In some embodiments, smoothness improvements may be made to the above disclosed example. The model uses a setting that predicts future trajectories in continuous space. During training, the goal of the model is to generate a predicted trajectory that is as closer to ground truth as possible. If such trajectories are not generated from physics law, they may not be smooth, especially during turning scenarios. To resolve the issue, some embodiments may use a regularization term in loss, to provide a penalty if the acceleration in predicted trajectory is too large. However, this poses an indirect impact to the final result, and based on the observation, may not help much in terms of reduction in displacement error. The second strategy is to improve the model performance, which is one of the preferred strategies. Based on the observation, once the model performance is improved, the smoothness issue is improved along with it. The third strategy can be applying a post-processing module (smoothing function) to the model output and process the predicted trajectory to a smooth one. Using this strategy, a smoothness metric may be added to the training loss and use it as a penalty/regularization term, which can be calculated as a dimensionless jerk.
This can directly force the model to learn a smooth trajectory. This strategy is different from using the acceleration threshold as a regularization turn, as even if the acceleration of the predicted trajectory is within the threshold, the model can still output an unsmooth trajectory. However, using a smoothness metric can avoid that drawback, as it evaluates smoothness directly.

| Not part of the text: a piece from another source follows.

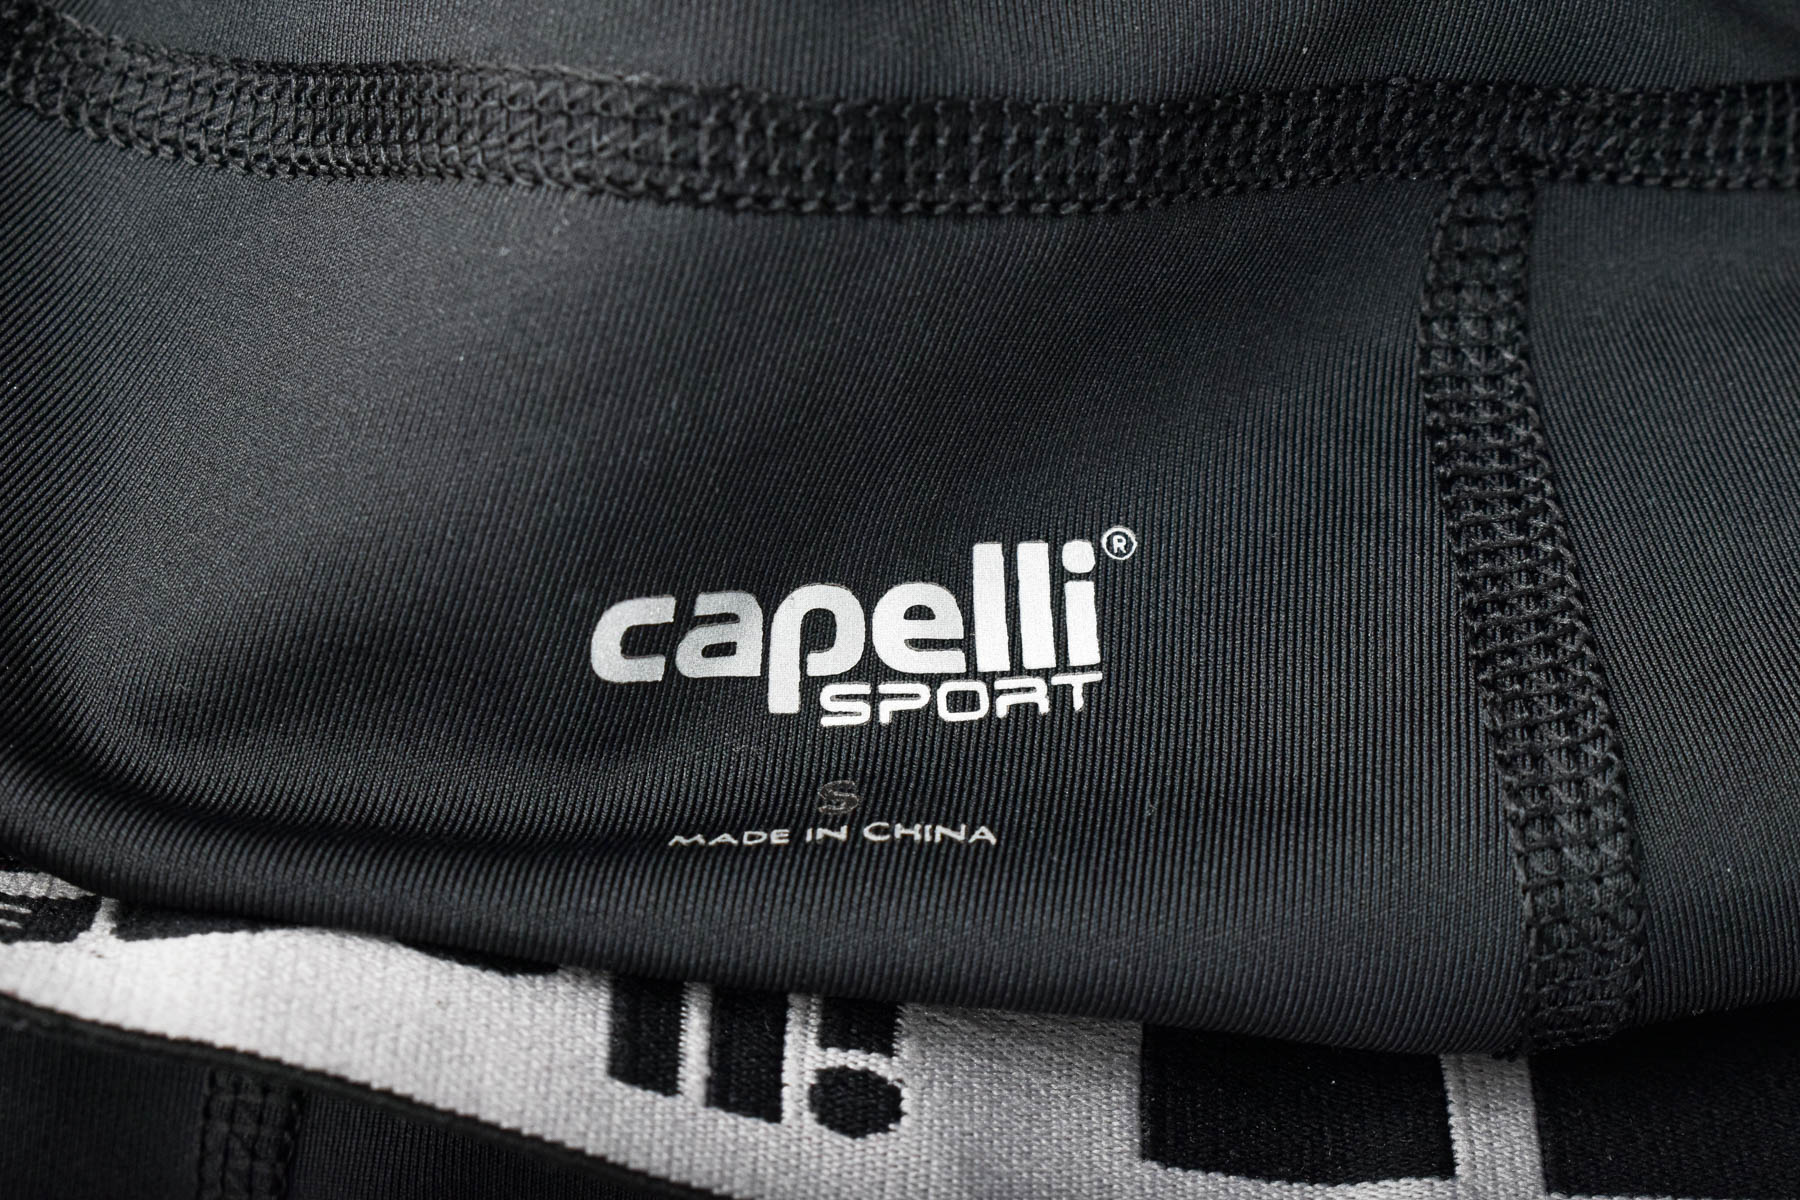 Leggings - Capelli sport - 2

In some embodiments, the above-disclosed model may be modified to improve its robustness. The robustness of the model can be further improved by training on more data. For acceptable results, the model only trained with less than 100k data samples. The performance of supervised learning models can be improved with more training data. In addition, it may be beneficial if the model is trained on a more balanced (unbiased) dataset. It does not include much data from rarely seen scenarios, for example, scenes from T-type intersections are rare in the training dataset, which may result in poor performance when predicting trajectory under this scenario. In some models, the training data may use accurate traffic light information (e.g., collected from specific locations at specific streets).
In the environment representation setting, a model that uses a single channel image to encode and represent map information and surrounding dynamics may have the drawback that the pixel values of surrounding vehicle dynamics can overwrite the legally reachable area pixel value. This might cause a problem that if the surrounding vehicle dynamics is very large, it will be marked as dark (0), which is the same as non-reachable areas. That may cause the failure case that predicts that the target vehicle does not stop for red light. One solution is to represent map information and surrounding vehicle dynamics in two different channels. However, according to the experiment, the training time may increase 2 times, and result in similar performance on the test set. Though it can take longer to train and generate approximate performance, 3-channel setting may help improve the model performance on some certain (rare) scenarios like the aforementioned failure case. Using the 3-channel setting, the third channel may override such “blind spots” of the second channel.
In another experimental comparison, we constructed another dataset through our autonomous vehicles to evaluate the proposed model performance. The data was collected from different intersections in real-world driving environment in Arizona, USA, and these intersections have different types, including four-leg intersections, T-type intersections, signal controlled, non-signal controlled and so on. Other vehicles detected by our autonomous vehicles, and then corresponding history trajectories are extracted alone with real-time environment information, including map information, through a highly aggregated on-board pipeline.
The dataset contains 77,876 training samples, 25,962 validation samples, and 25,962 test samples, and d=100 m is adopted as searching distance when generating LRAs. The model is trained with 2 NVIDIA 2080-Ti GPU, and learning rate adopted in this work is 0.003, with loss threshold r=3. The result statistics are shown in TABLE I.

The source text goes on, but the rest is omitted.